By 11 September 2009 No Comments

Last night, nightmares. They pulled the waking world’s benignity out from under me like a rug. Objectivity was a foregone luxury. I was like Alice thrown into a garden of flowers grown irrevocably angry at me; neuroses blossomed, each unique, in a field of needles. At any moment the mirror might swallow my image and refuse to give it back, or the doorknob might chomp off my thumb, interloper that I was in this hostile world of allied and flustered objects. I was in constant danger of reacting to imagined threats.

“The world is not out to get you,” my friend counseled. I had awoken him, panted and gestured my way through the dream’s jumbled narrative. His expression was apologetic. “No offense but—the world has bigger fish to fry.”

It’s true, of course. I’m no big shakes. But it often seems that I’m in danger precisely because I’m a little fish, too small to protect. As the question turns over in my mind, the whole paradigm reverses. I’m hardly viewed as a little fish by the society that depends entirely on little fish. Maybe I am a pretty decent-sized fish, big enough at least to be targeted by the malevolent figures that appear in my dreams. If the world does have bigger fish to fry, I’m going to be passed up and left to rot. And if the world thinks I’m a big fish after all. In that case—well, I’d better watch out.

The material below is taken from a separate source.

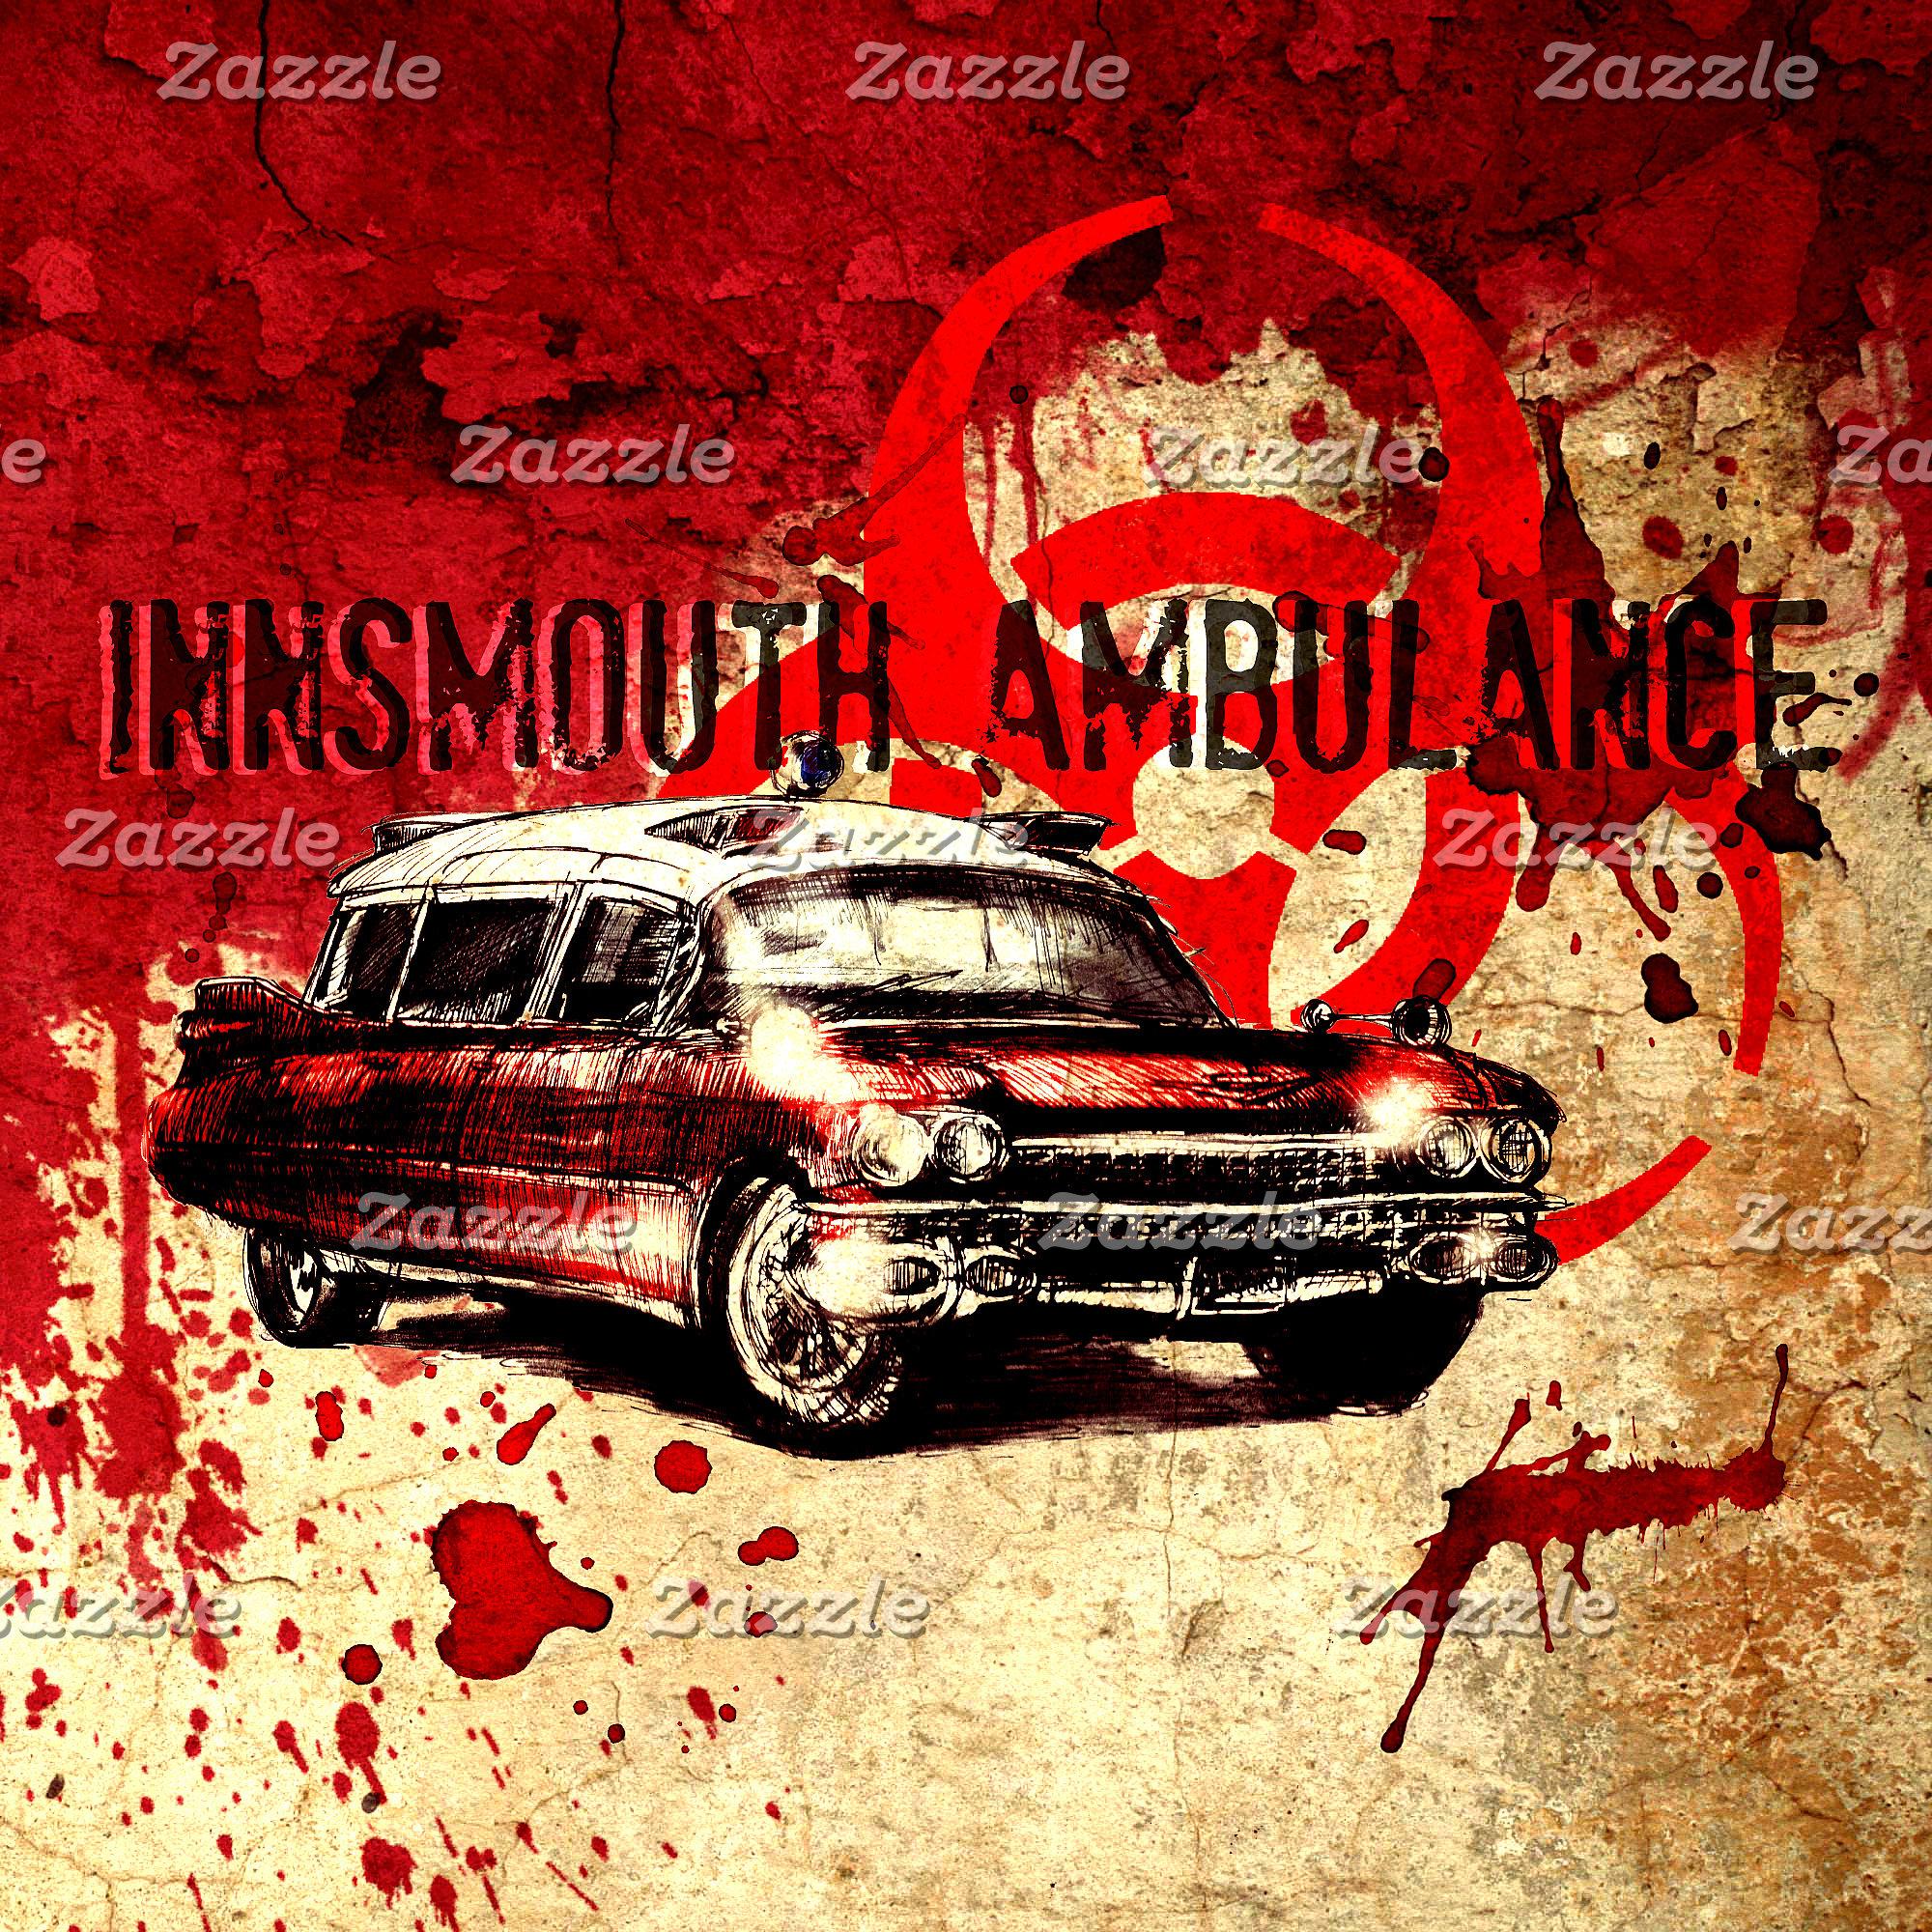 Lovecraft Style Horror Ambulance

When you have nightmares on a nightly basis, the novelty wears off. While the imagery surprises us from time to time, the general message couldn’t be any more grotesquely self-indulgent, any more grotesquely primal: the dreamer places herself at the center of the world. Through dreaming the psyche expresses the conviction that ill befalls the subject because she uniquely attracts it.

And yet, in our nightmares, we are not seen for the uniqueness of our characters. We do not feel truly seen by nightmare logic even as the whole construct of a nightmare rests on our mind’s peculiar associations and concerns.

We are forced to make hellish decisions that reflect our conceit that the choices we make in real life are game-changing. Simultaneously, our nightmares often sadistically divest us of all power of choice: we must watch as fate overtakes us, as our running and hiding becomes nothing more than a futile drama.

I have come to classify nightmares into two genres: those that place the dreamer at the center of universal ire, and those that pass over the dreamer as the world rushes past. Dreams of pursuit and sabotage are of the former kind; dreams of exodus and falling are of the latter.

Childhood is the magical union of two distinct sensations: that 1) you (i.e. the child) are the center of the universe, the epitome of special, and 2) that an infrastructure built to take care of people exactly like you is already in existence.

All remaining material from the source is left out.